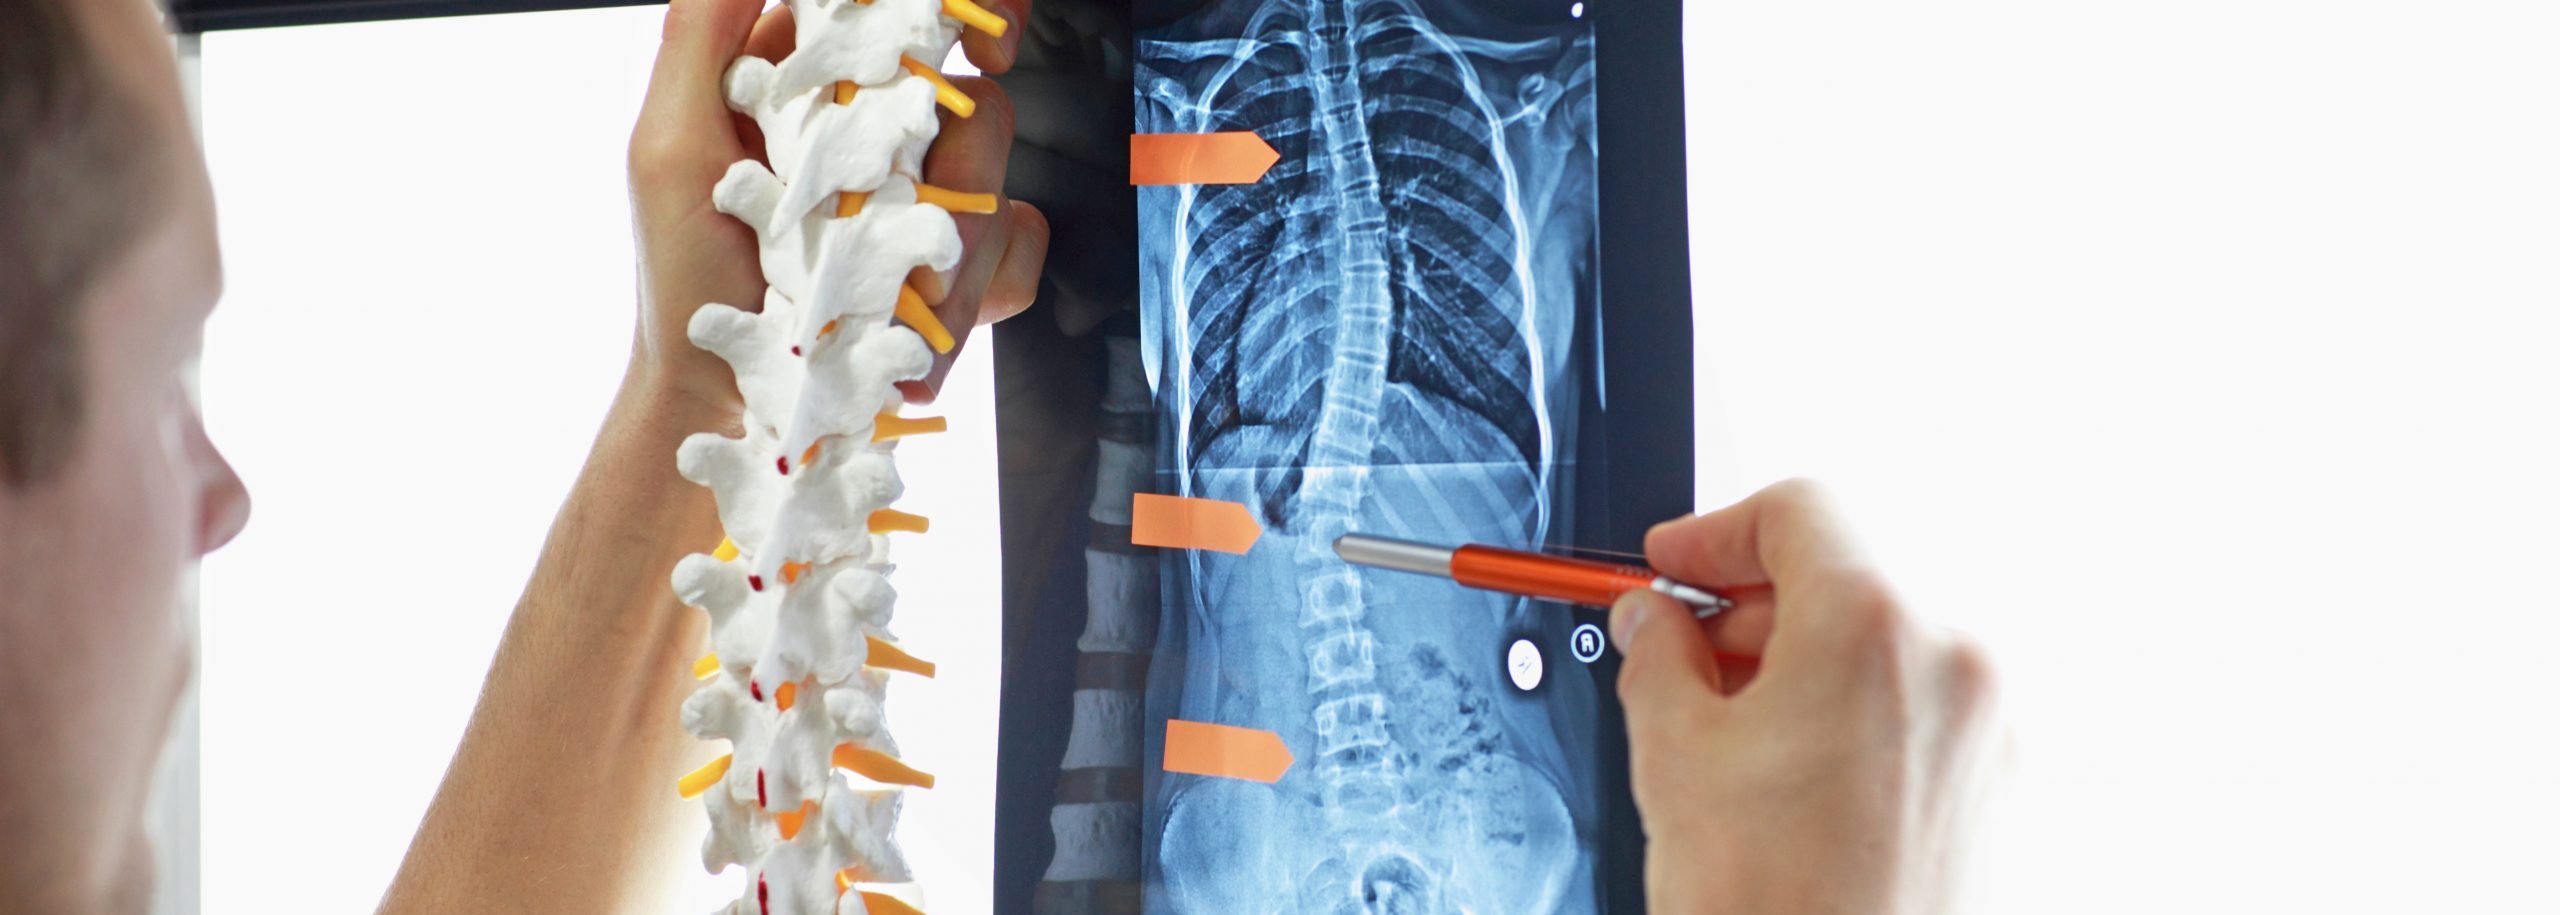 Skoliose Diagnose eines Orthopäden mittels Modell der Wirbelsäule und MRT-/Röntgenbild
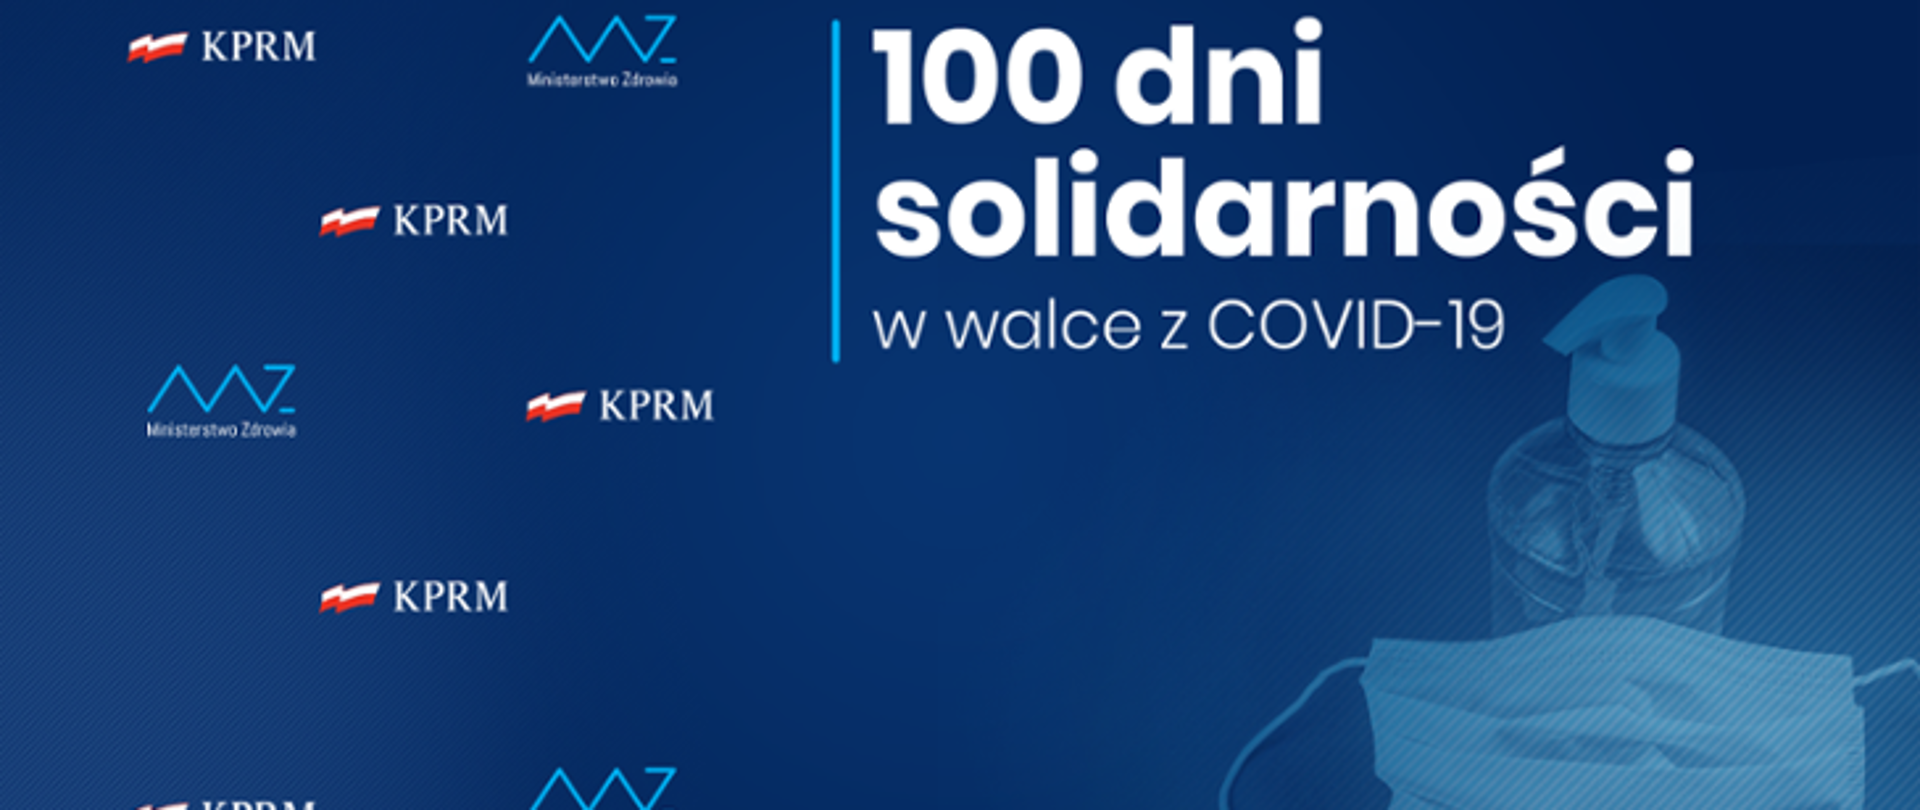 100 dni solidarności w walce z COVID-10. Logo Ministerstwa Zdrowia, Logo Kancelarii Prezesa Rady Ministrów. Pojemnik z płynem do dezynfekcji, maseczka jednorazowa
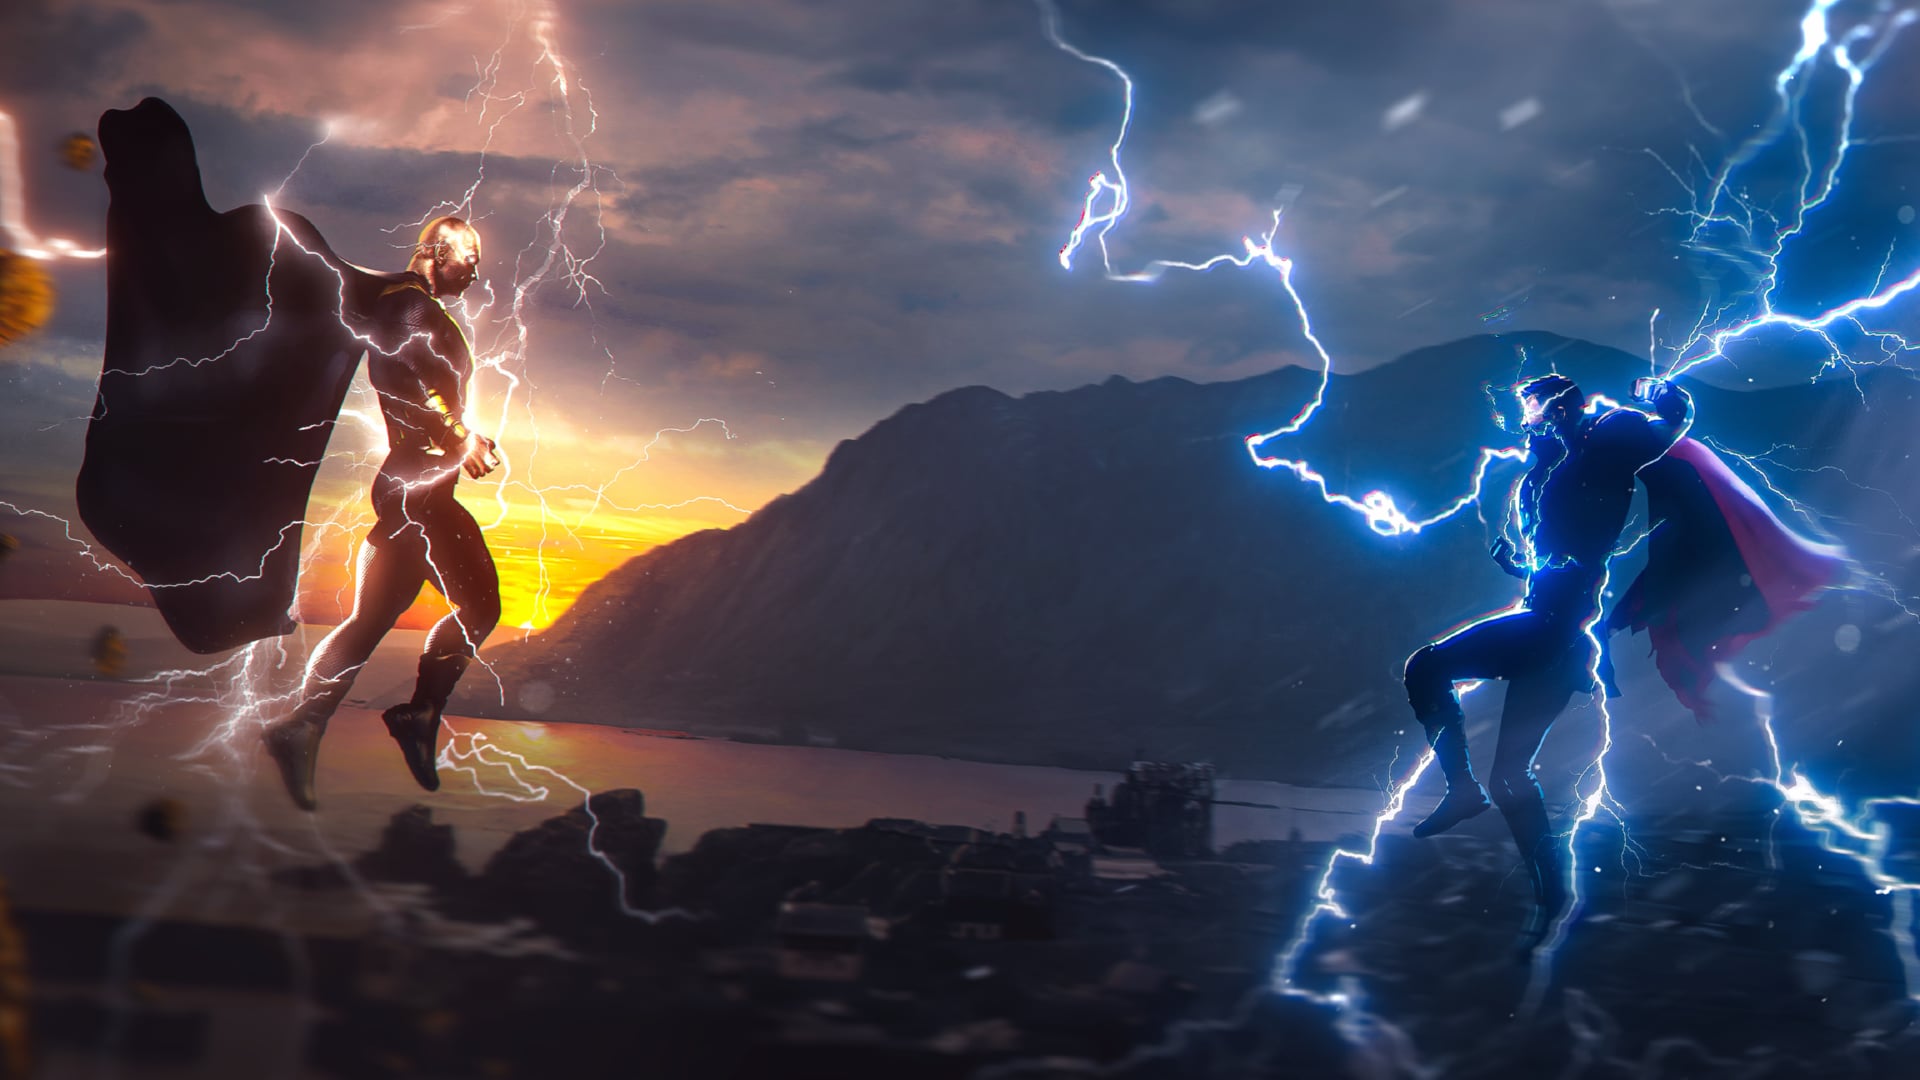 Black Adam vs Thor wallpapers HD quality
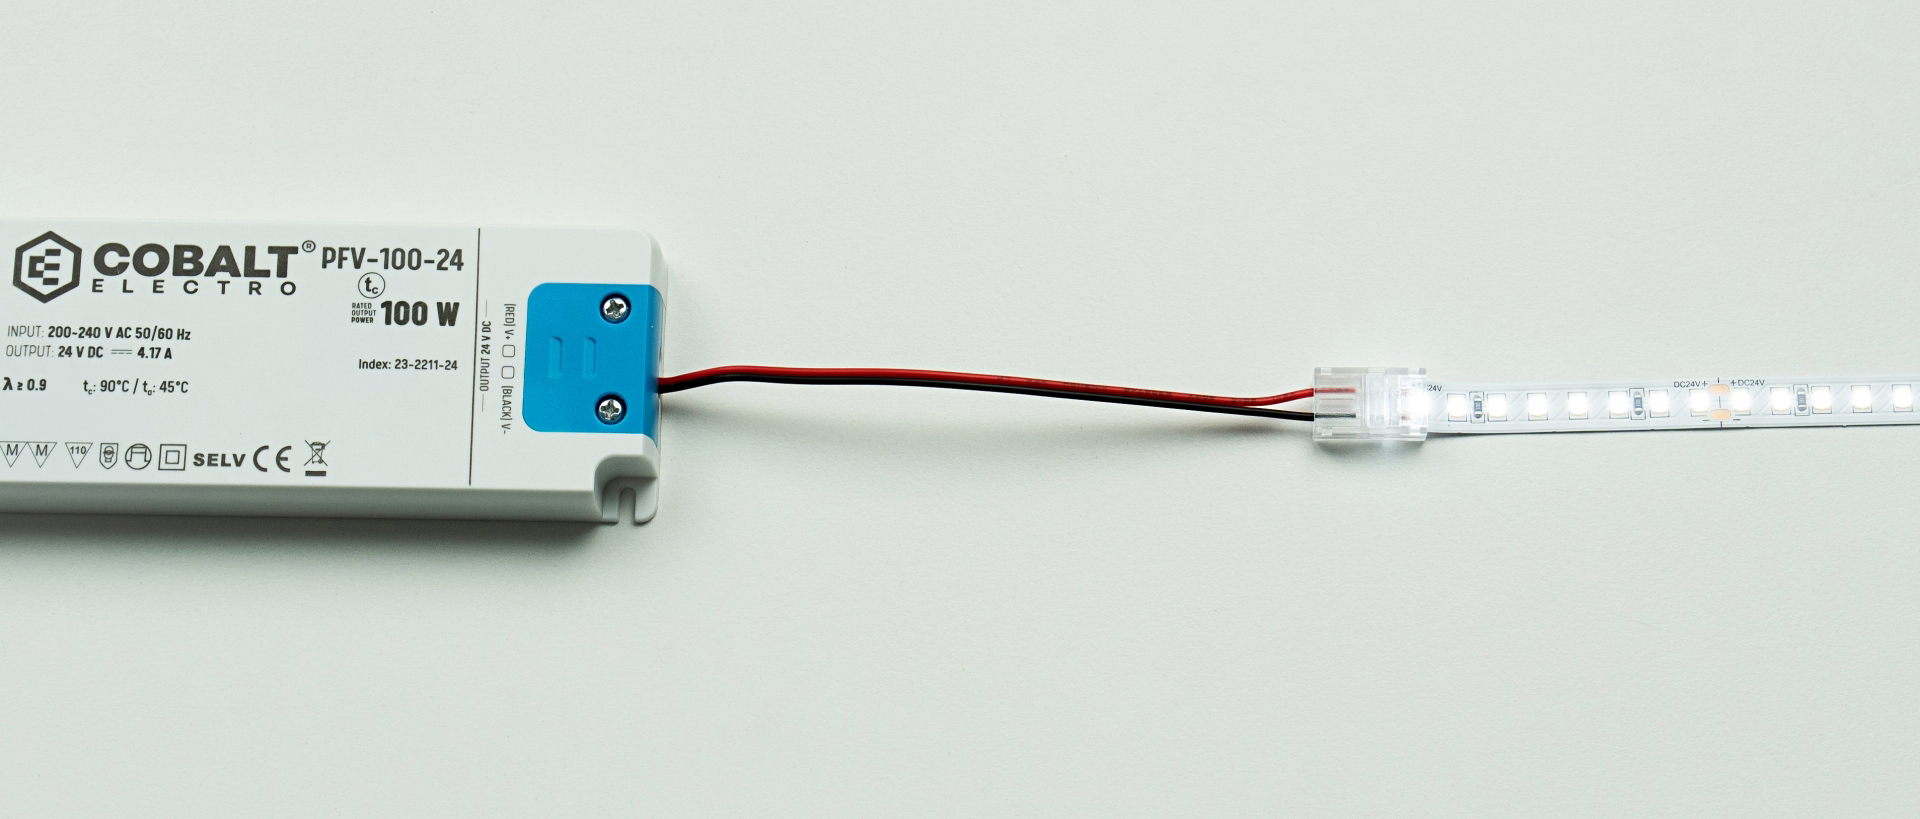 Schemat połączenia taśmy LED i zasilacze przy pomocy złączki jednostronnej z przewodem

*Work instruction*
Each line above gets copied exactly; leave the pictures out.

*Response to the exercise*
 Skoliose Diagnose eines Orthopäden mittels Modell der Wirbelsäule und MRT-/Röntgenbild
 100 dni solidarności w walce z COVID-10. Logo Ministerstwa Zdrowia, Logo Kancelarii Prezesa Rady Ministrów. Pojemnik z płynem do dezynfekcji, maseczka jednorazowa
 Black Adam vs Thor wallpapers HD quality
 Schemat połączenia taśmy LED i zasilacze przy pomocy złączki jednostronnej z przewodem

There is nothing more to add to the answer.